他还以为她不会接单,谁曾想,她的两个手下却贸然的闯进来了。
“脸不够大,赏不了。”黎念摇了摇头,“你费尽心思的想见我,到底所谓何事,不妨直说,我给你五毛钱时间,不能再多了。”
博古斯·格朗错愕的愣了一下,还好他考古了不是东方文化,否则还真是听不太懂她的话语。
“你真有意思,那我就直说了。”上下打量了她一眼,眼中全是欣赏的意味,“博古斯家族我已经继任了,现在就差个当家主母。在下不才,承蒙你救命之恩,我想用你们东方人说的,以身相许作为报答,不知你意下如何?”

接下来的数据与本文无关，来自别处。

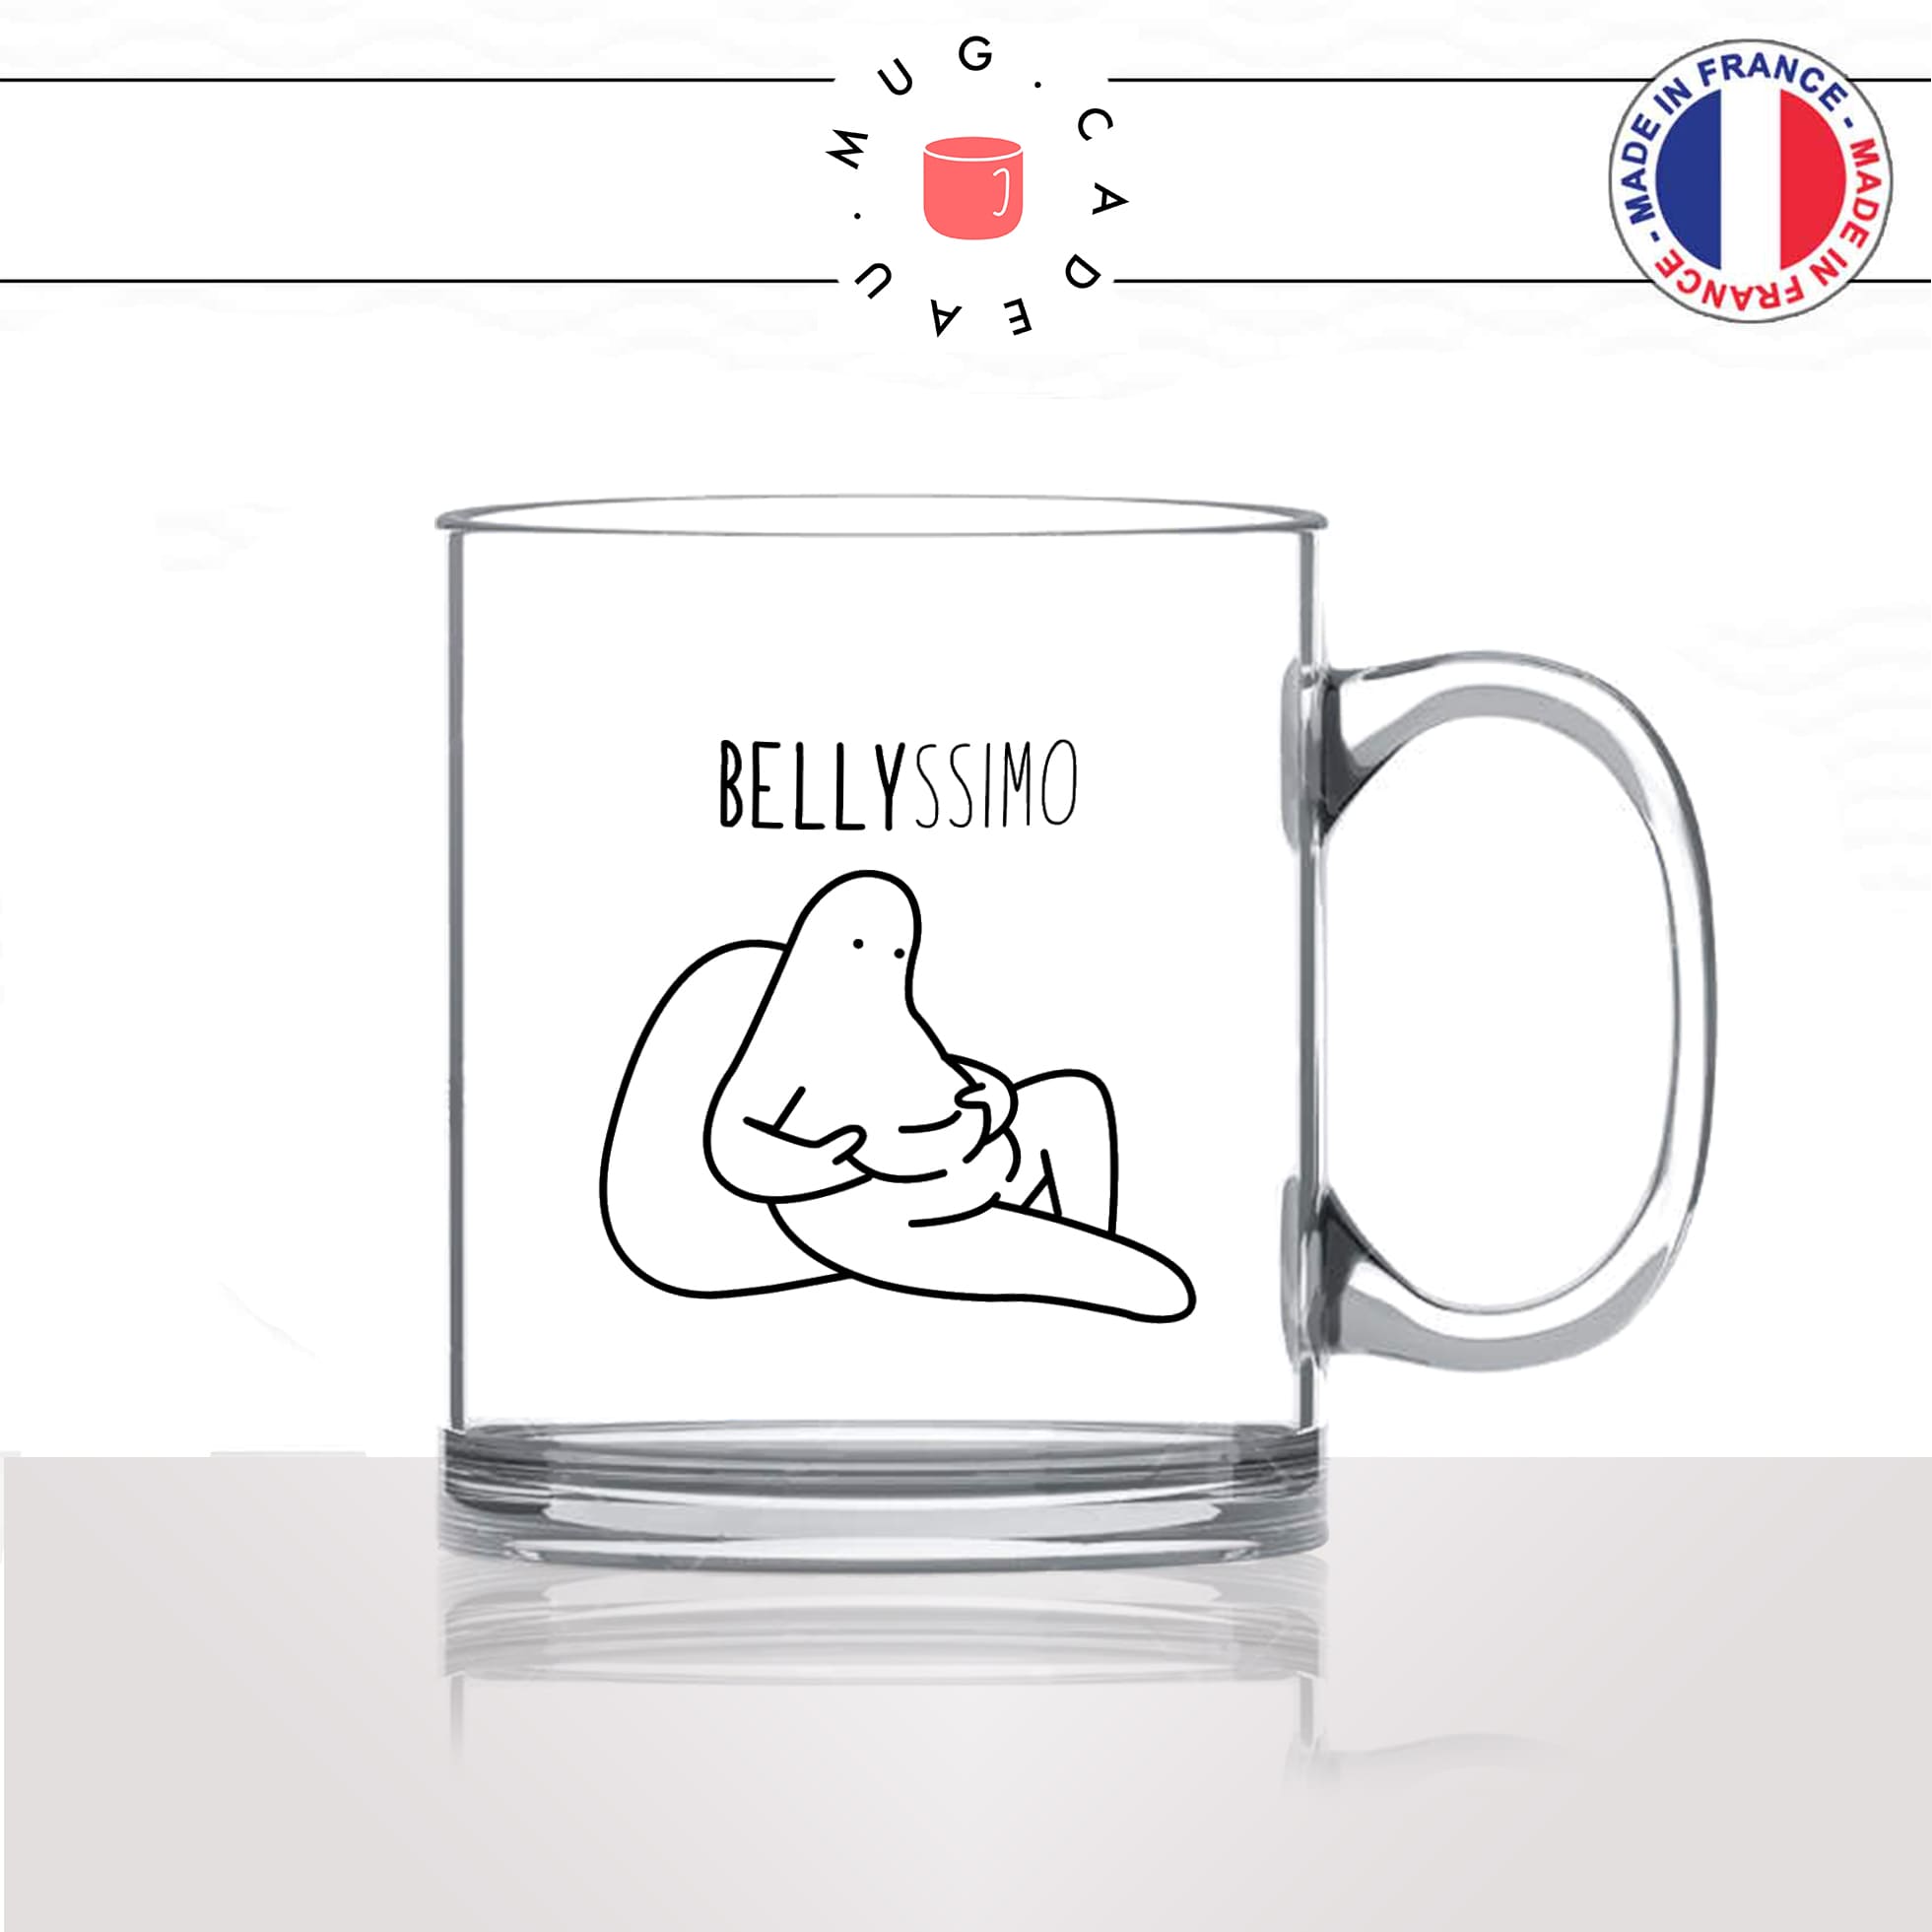 mug-tasse-en-verre-transparent-glass-belly-ssimo-bellissimo-italien-ventregros-gras-regime-femme-homme-humour-idée-cadeau-fun-cool-café-thé2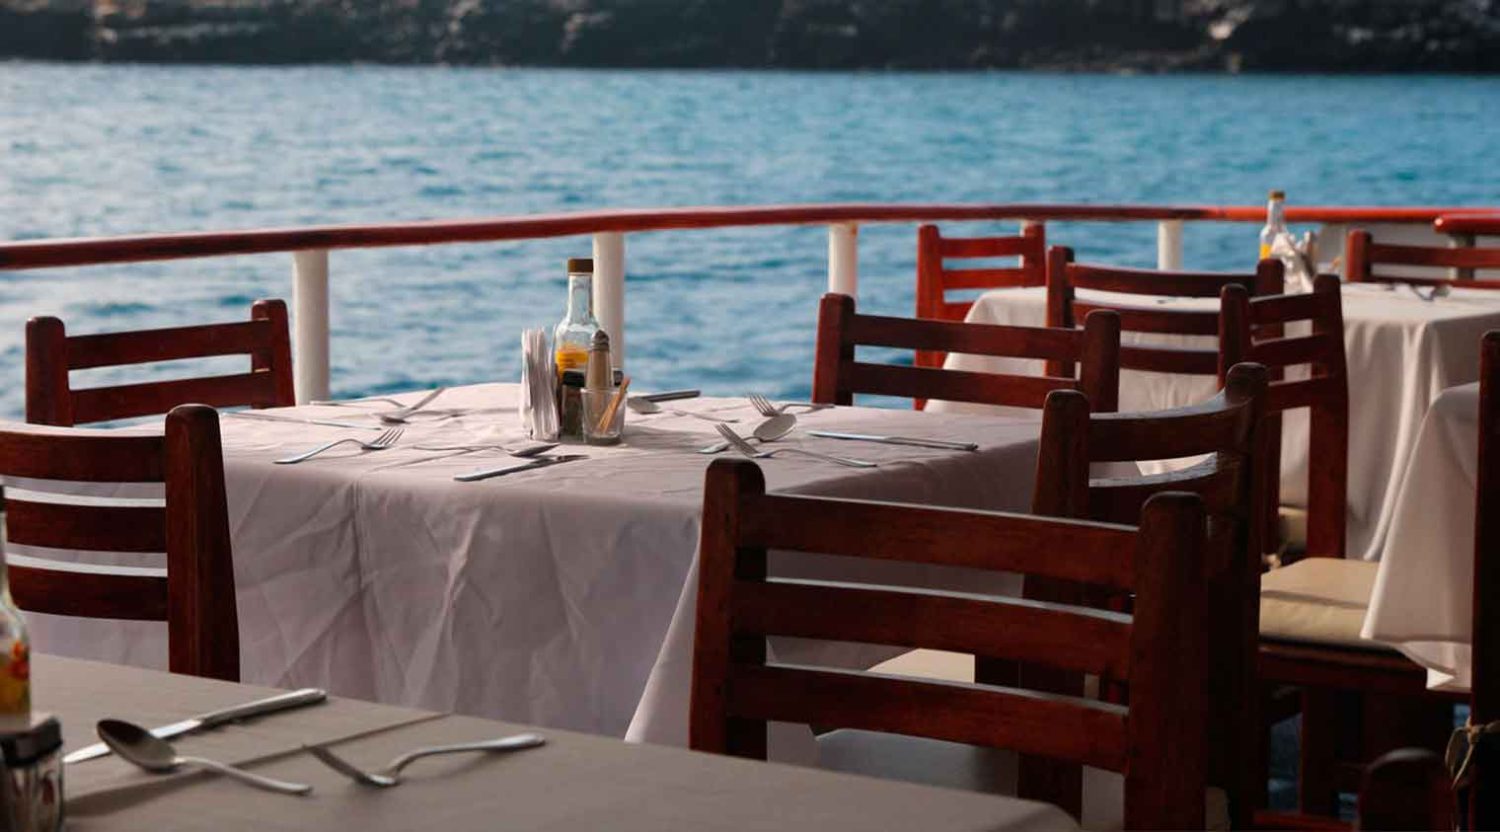 millenium catamaran yacht outdoor dining room of galapagos islands tours

有过之前的一面之缘,他在心底里深深的记住了这个女人,他觉得,或许只有这样的一个女人,才能坐稳他伯爵夫人的位置,将来也能更加有保障的给他生下后嗣。
哈哈哈。
黎念像是听到了一个史前最搞笑的笑话,仰头大笑了三声,再看向他时,吹了吹额前被风吹落下来的发丝,轻蔑的道,“你这是报恩啊?我看你是恩将仇报吧!”
以身相许一个就够了,你算个什么玩意。
自小不知道吃了多少头牛的野兽,站那么远都能闻到那股狐臭,谁特么脑残会嫁给你。
博古斯·格朗的中文水平有限,不太能理解她的意思,笑问“这怎么会是恩将仇报呢,你们东方的人,不是说救命之恩当以身相许么?”
难道他查错了?
黎念无语,有些不耐烦的回道,“你搞错了,是救命之恩当涌泉相报,涌泉你懂吗?”
“......”博古斯一脸懵圈。
见他更加疑惑了,黎念大发慈悲的给他科普一下东方历史,“涌泉就是,把浑身的血管割开,让自己的血液像喷泉一样喷干净,doyouund
erstand?”
骤一向都是一张冷酷脸,即便是心里已经笑开花了,脸上还是依旧的面不改色。不过他怀里的风倒是没忍住,捂着伤口低笑出声,差点没笑的喷出一口心头血。
黎念反手在背后精准无误的捏了一把她胳膊上的划伤,疼的她身后的风倒吸了一口凉气,才算是止住笑了。
“really?”博古斯·格朗被吓的脸色发白,抬手扶额道,“oh,mygod!”
“耶!耶耶!”黎念挑了挑雾眉,很是认真的点头,没再去管他转头对着骤说道,“咱们走。”
听到她说要走,博古斯大惊,伸手拦住了去路,眼见着黎念就要拔刀相向了,赶忙说道,“no!no!no!我是想说,既然你救过我,涌泉我也做不到,那日后你有其他需要,可以尽管开口。”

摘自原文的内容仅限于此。